Mientras ella continúa su "misión secreta" con Cecil por una hamburguesa clandestina, mi mente sigue trabajando en segundo plano, en un nivel de concentración completamente diferente. No puedo, y no voy a, dejar de investigar lo sucedido en el restaurante. Mis hombres de seguridad, los más experimentados, han revisado las cámaras de seguridad del área una y otra vez. Nada. Ni rastro. El niño que chocó con Dione se desvaneció, como si fuese un fantasma. Es inquietante. Demasiado conveniente. No creo en las coincidencias, y menos cuando se trata de Dione y cualquier incidente que la involucre. Esa zona, en pleno centro de la ciudad, es un área con alta densidad de cámaras y seguridad privada, y que un niño, por muy rápido que fuera, desaparezca así, sin dejar rastro, es inaceptable. Mis instintos más primitivos me gritan que hay algo más, algo siniestro detrás de este “accidente”.

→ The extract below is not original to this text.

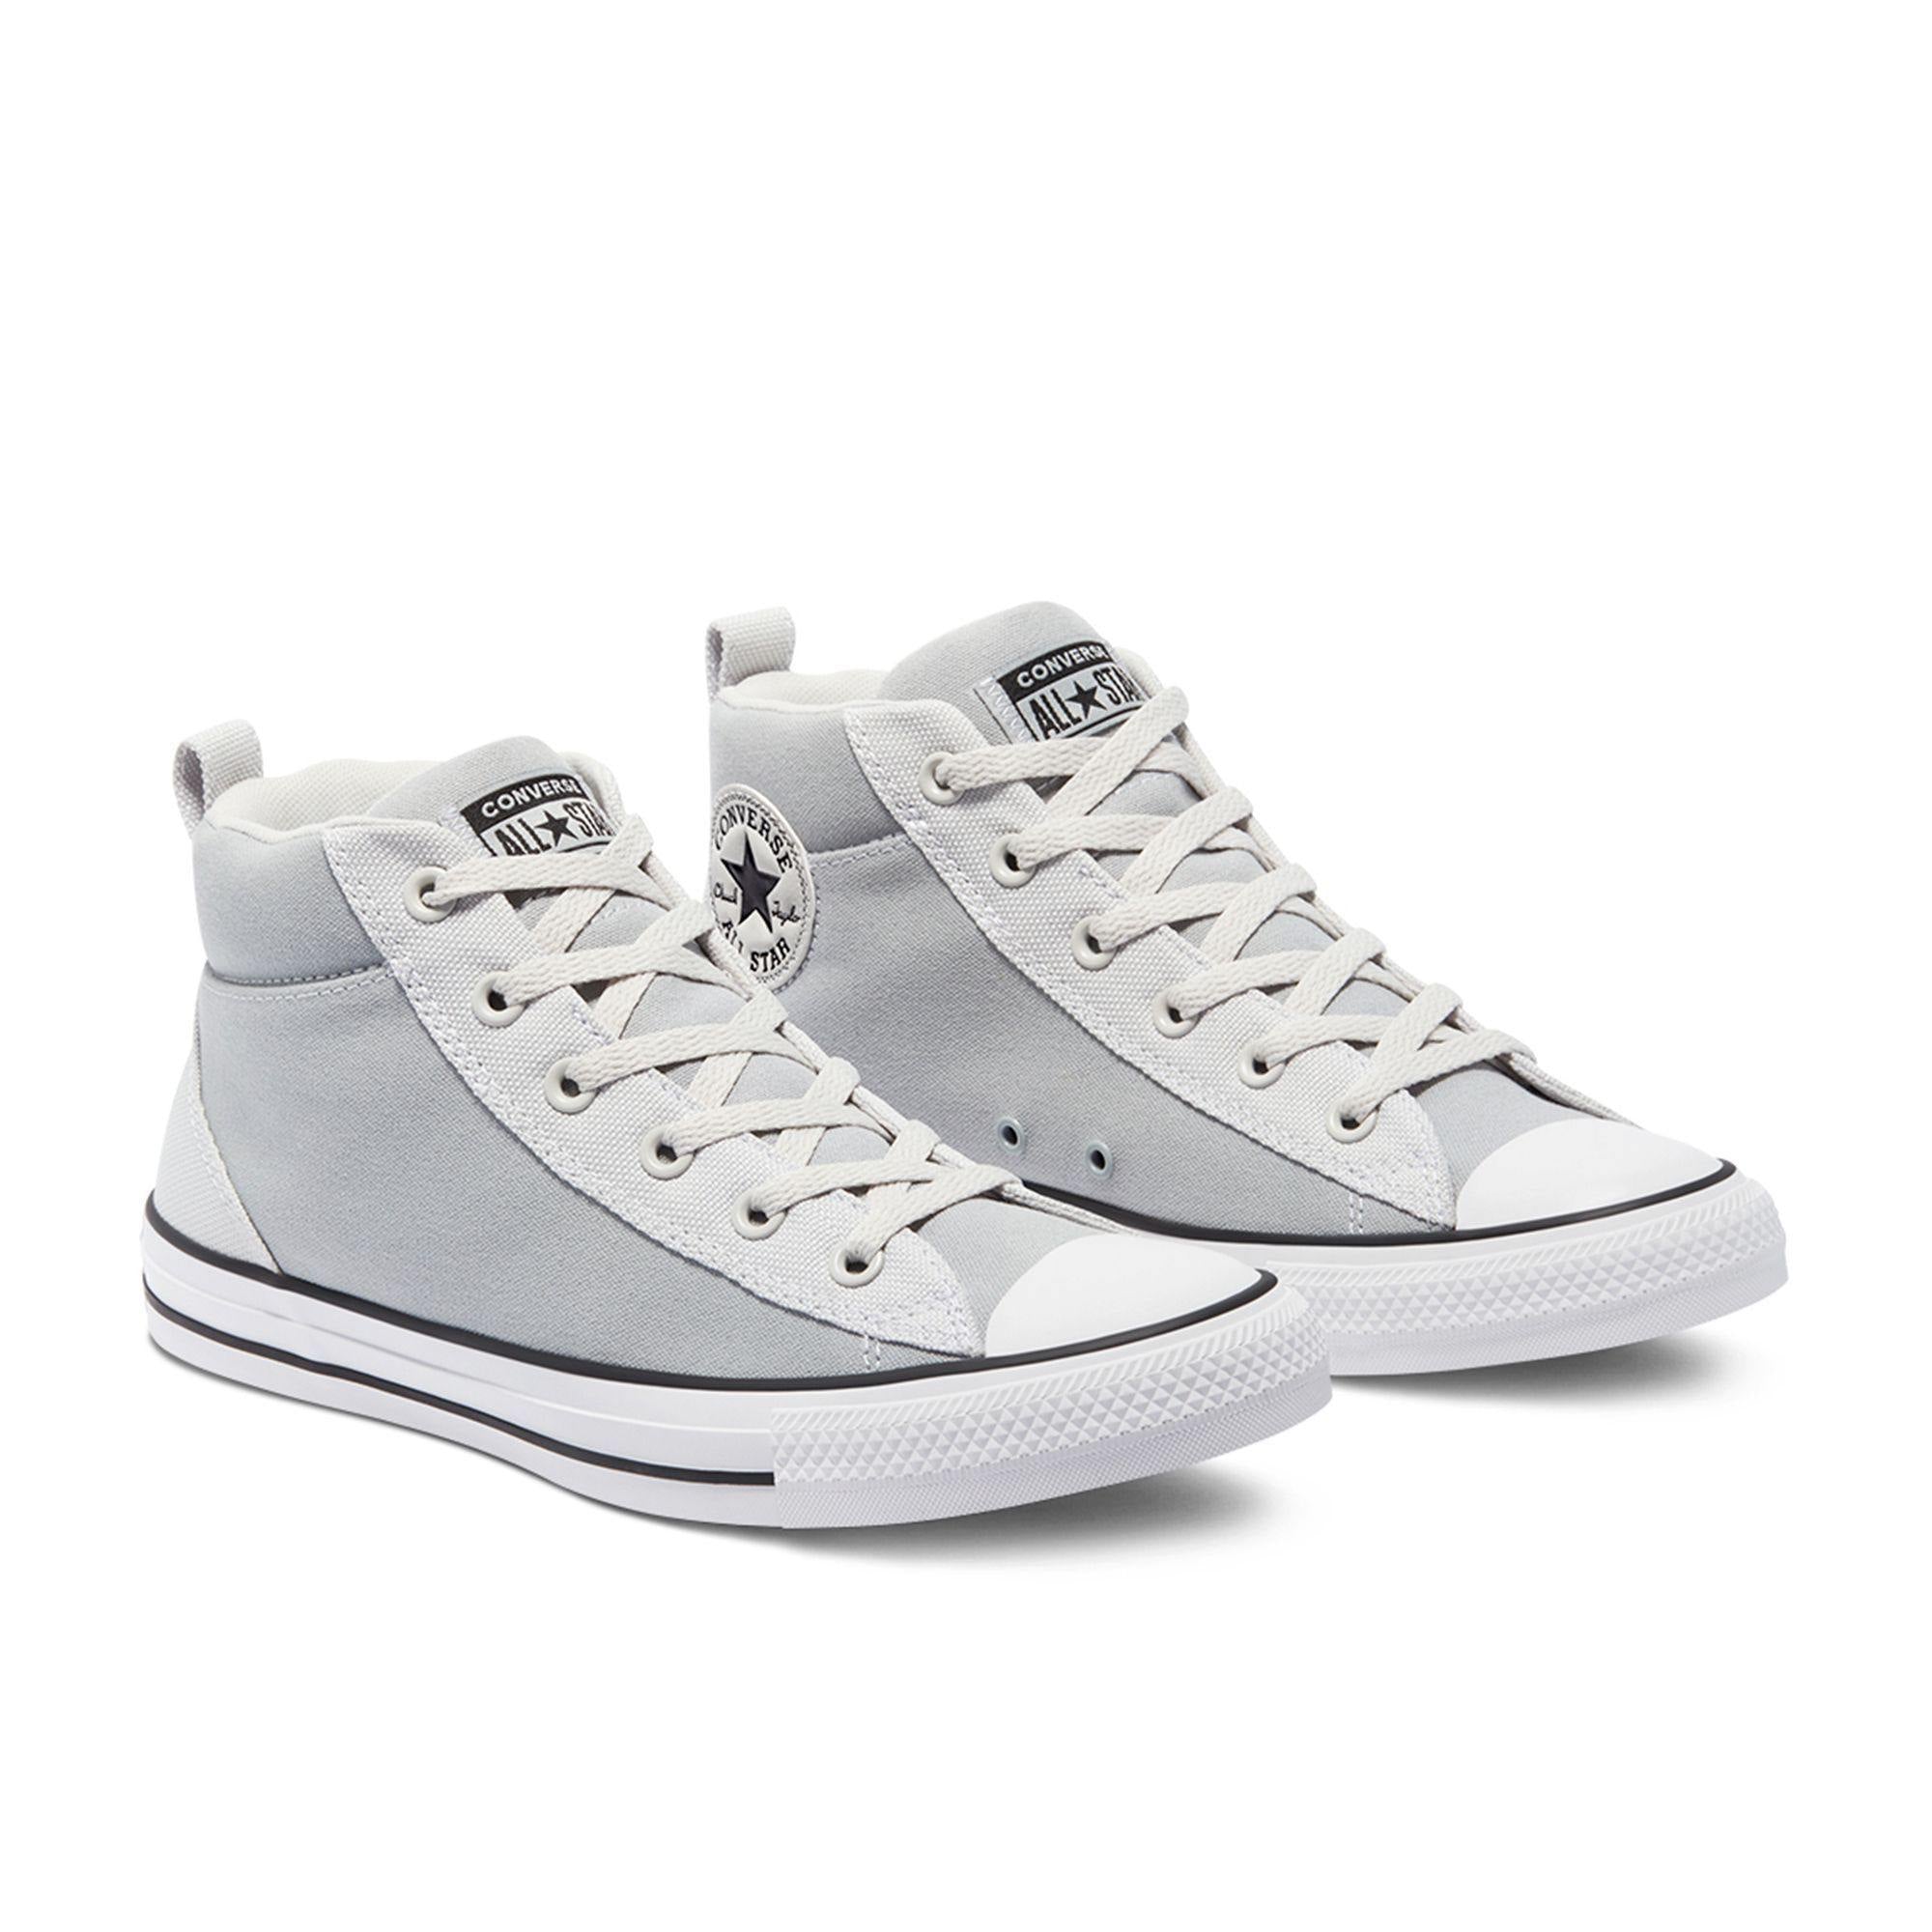 CT-J34 (Ct street mid mouse/ash stone/white) 52195250 - Otahuhu Shoes

La conversación con Tamara aún resuena en mi cabeza, la cólera y el resentimiento en sus ojos. Su desesperación era palpable. ¿Podría ella estar detrás de esto? ¿Sería capaz de utilizar a un niño, de orquestar un incidente tan cruel? La idea es retorcida, sí, pero Tamara es una mujer que ha demostrado ser capaz de cualquier cosa cuando se siente acorralada u obsesionada. Mis medidas de seguridad para Dione se han multiplicado por diez desde el incidente, aunque ella no tenga la menor idea de la red invisible que la rodea. Mis hombres están en cada esquina de este hospital, mimetizados con el personal o con otros visitantes, y mi mirada, aunque disimulada, no se aparta de ella ni un segundo. No puedo permitir que nada le pase a mi esposa o a nuestro bebé. El incidente del restaurante ha encendido todas mis alarmas, y no las apagaré hasta que sepa la verdad.